Kisah Seorang PSK di Lokalisasi Malanu, Dolly-nya Kota Sorong
Legal tapi Wajib KondomDi salah satu sudut teras wisma, seorang PSK sedang duduk sendiri sambil tersenyum membaca pesan singkat di handphonenya. Tim berpura-pura untuk menanyakan tarif wanita berkaos ketat dan celana jeans pendek itu. Sebut saja Inem (35) (bukan nama sebenarnya), seorang wanita yang mengaku baru menggeluti dunia PSK sejak 1,5 bulan ini.
“Kalau mau maen Rp 150 ribu mas, biasa saya minta Rp 200 ribu,” jawabnya sambil tersenyum.
Memang tidak gampang untuk mengajaknya mengobrol lama. Karena ia sedang menjaring tamu, para pria yang doyan kelayapan malam di tempat itu. Tim lalu mencoba mendekatinya dan membelikan minuman ringan agar obrolan bisa berlangsung lebih akrab. “Saya lagi malas mas, baru bangun tidur…saya lho dari sore tidur saja, gak tahu kok malas banget…,” ia memulai perbincangan.
Obrolan pun mulai akrab, ia bercerita tentang dirinya yang masih baru tinggal di Lokalisasi Malanu. Wanita berperawakan tinggi dan mengkal ini lama tinggal di Kota Batam.
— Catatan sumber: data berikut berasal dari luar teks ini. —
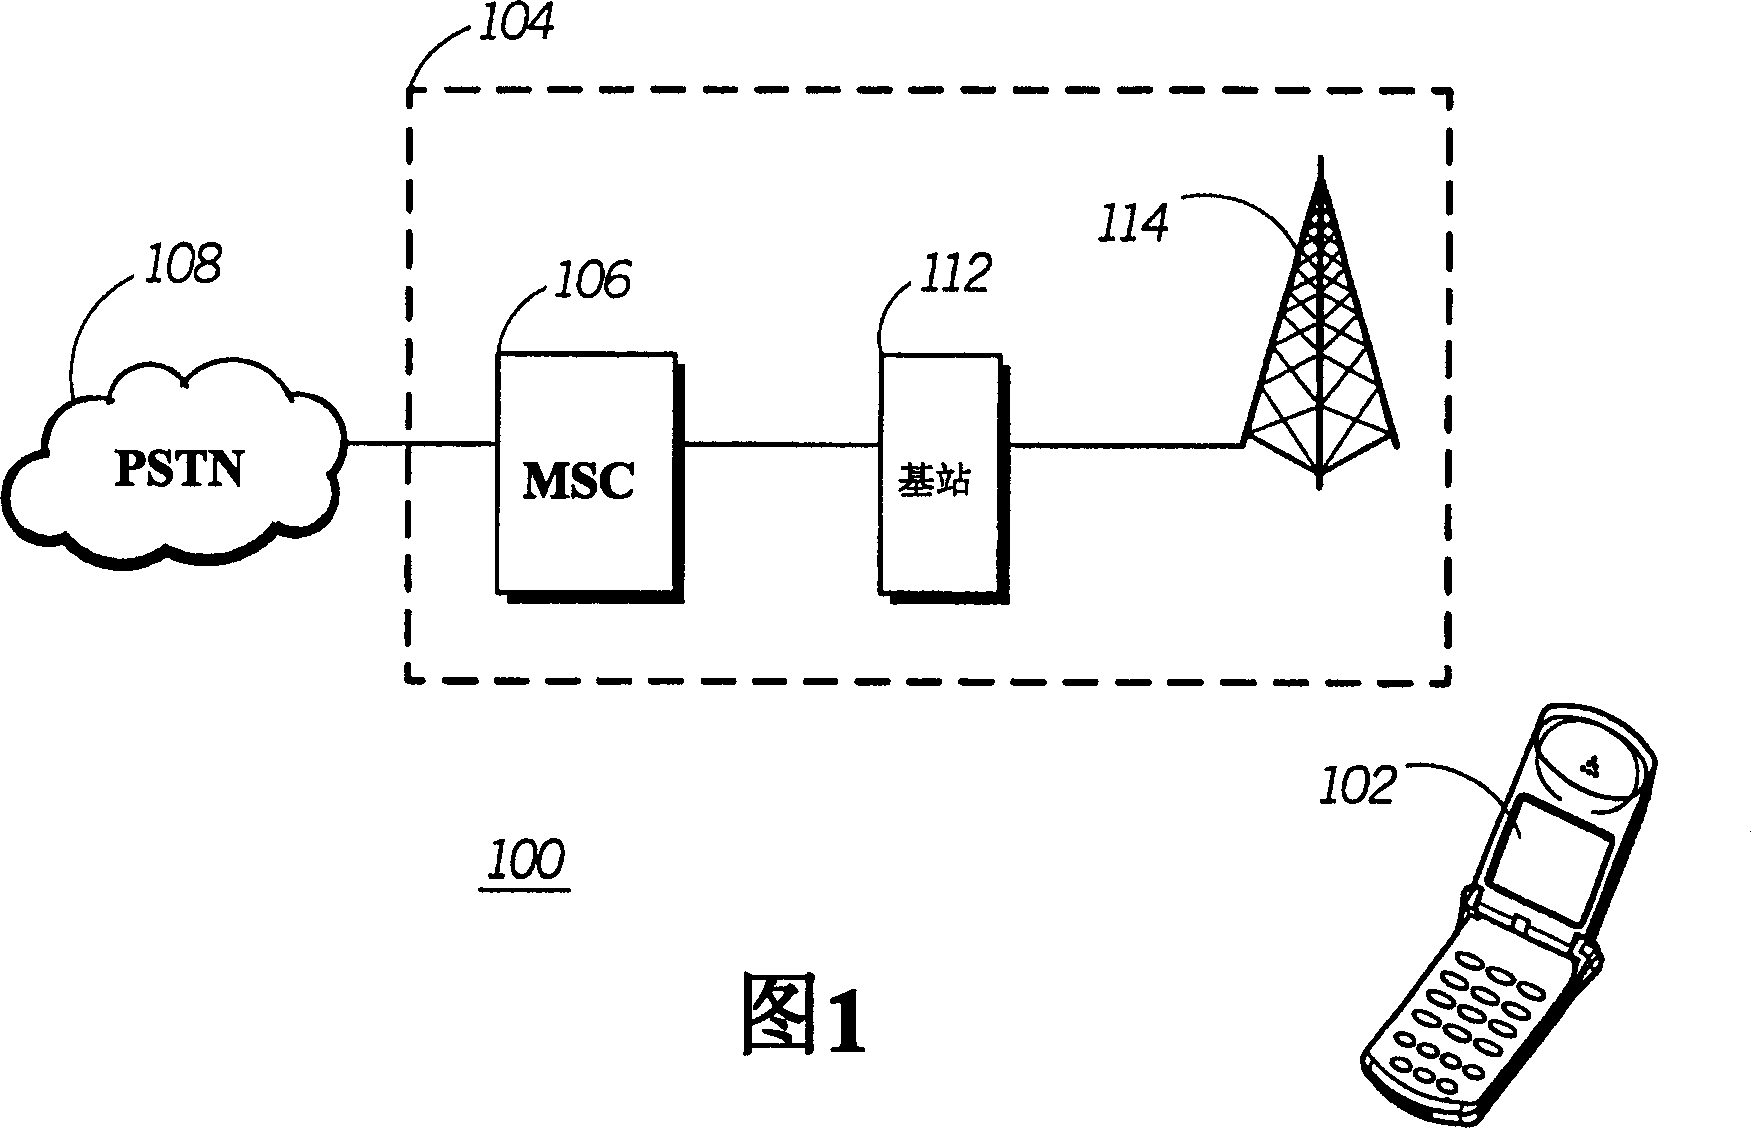 Method for fast dynamic estimation of background noise

Masalah rumah tangga yang berujung perceraian dengan sang suami, membuat wanita bertato kecil di lengan kanan pun memutuskan pergi menjauh.
Ia sebenarnya sudah memiliki anak yang kini berumur 9 tahun.
“Saya kan telpon teman, nah…dari teman dikasih tahu, kesini..kesini begitu, ya saya pergi sendiri sampai di sini, saya memang langsung datang ke sini mas,” imbuhnya.
Tiap malam, wanita yang tak merokok dan tak mau diajak minum minuman keras ini harus berdandan seksi. Modal awal dalam menggaet tamu-tamu yang datang. Ada yang sekadar menghampiri untuk menanyakan tarif, ada yang menawar hingga jatuh murah, tapi ada juga yang memang langsung oke.
Ia mengakui, tak betah menjadi PSK, tetapi karena tuntutan ekonomi, semuanya terpaksa ia lakoni. Sebenarnya, lanjut wanita berambut panjang itu, ia ingin mencari pekerjaan lain, misalnya membuka warung makan atau apa saja. “Pengennya begitu mas, tapi kan butuh modal juga,” sahutnya pelan.